Miami Accuses Banks of Reverse Redlining

     MIAMI (CN) - Miami sued Wells Fargo Bank and Citigroup, claiming their predatory lending, redlining and reverse redlining devastated minority neighborhoods with foreclosures.
     The City of Miami sued the two giant banks in separate, similar federal lawsuits. Citations in this article are from the 67-page complaint against Wells Fargo.
     The city claims Wells Fargo unjustly enriched itself by violating the Fair Housing Act.
     It claims the bank has targeted minorities since 2004 with predatory lending on mortgages.

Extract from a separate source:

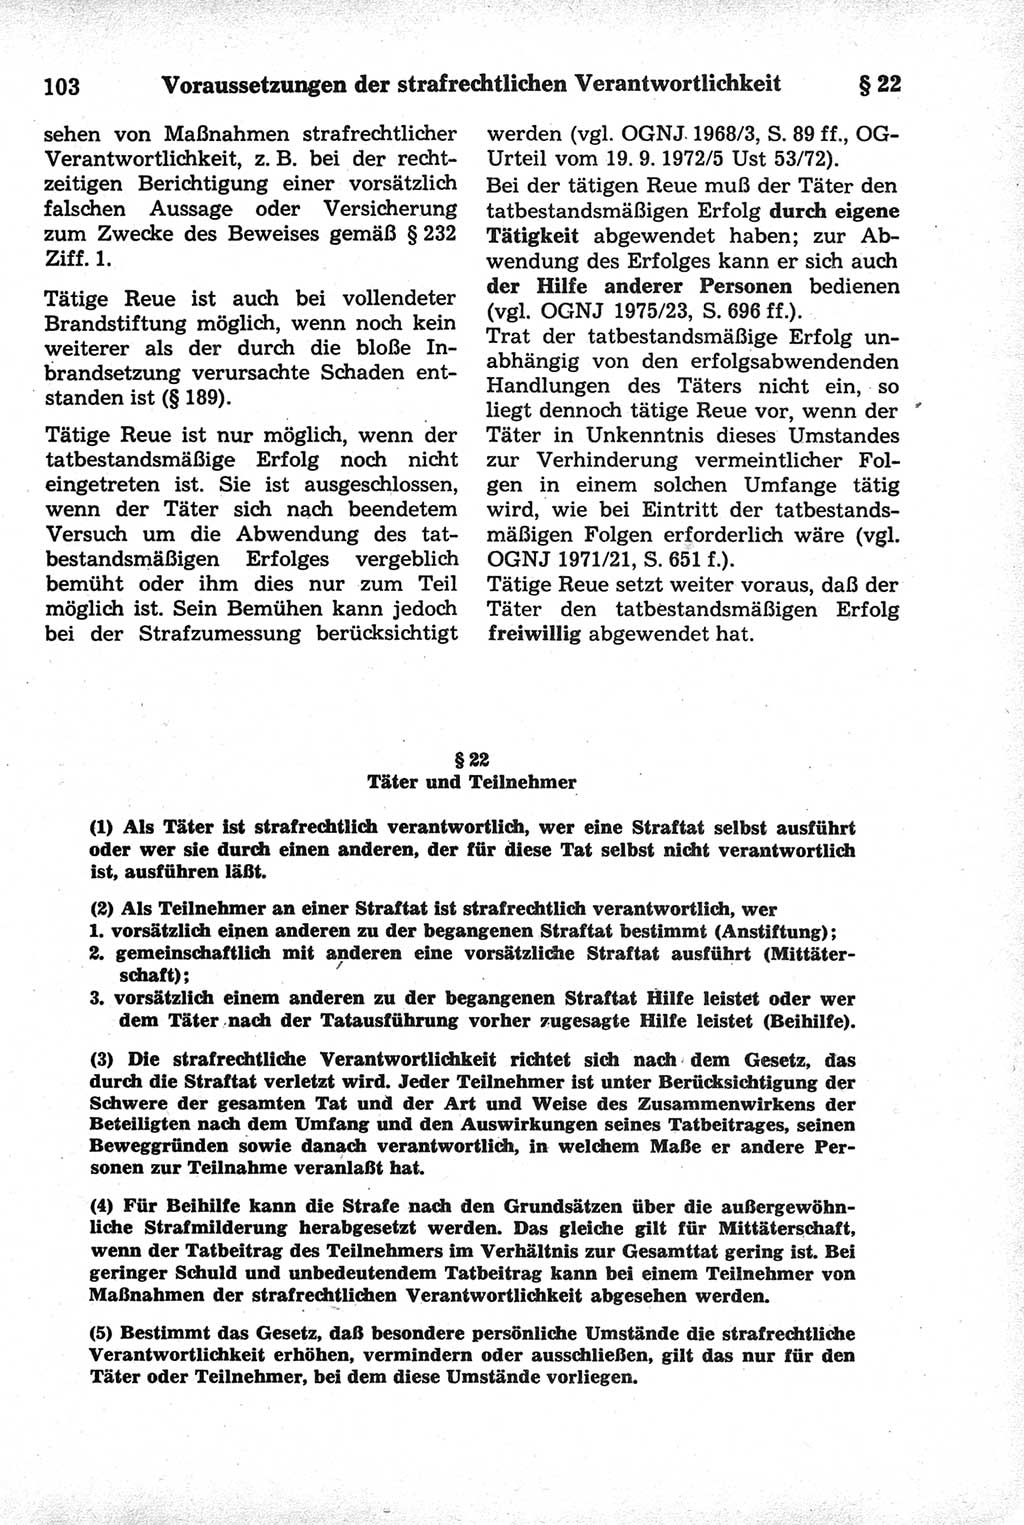 Strafrecht der Deutschen Demokratischen Republik (DDR), Kommentar zum Strafgesetzbuch (StGB) 1981, Seite 103 (Strafr. DDR Komm. StGB 1981, S. 103)

     Miami's lawsuits continue a series of similar, reverse-redlining complaints from other cities.
     Rather than refusing to make loans in poor and minority neighborhoods - traditional redlining - reverse redliners target poor and minority areas for predatory loans.
     "The pattern and practice of lending discrimination engaged in by Wells Fargo consists of traditional redlining and reverse redlining, both of which have been deemed to violate the FHA by federal courts throughout the country," the complaint states. "Wells Fargo engaged in redlining, and continues to engage in said conduct, by refusing to extend mortgage credit to minority borrowers in Miami on equal terms as to non-minority borrowers. Wells Fargo engaged in reverse redlining, and continues to engage in said conduct, by extending mortgage credit on predatory terms to minority borrowers in minority neighborhoods in Miami on the basis of the race or ethnicity of its residents."
     Miami claims Wells Fargo's redlining and reverse redlining caused "an excessive and disproportionately high number of foreclosures on the Wells Fargo Loans it has made in the minority neighborhoods of Miami."
     Miami seeks injunctive relief, and compensatory and punitive damages.
     Its lead counsel is Lance Harke, with Harke Clasby & Bushman.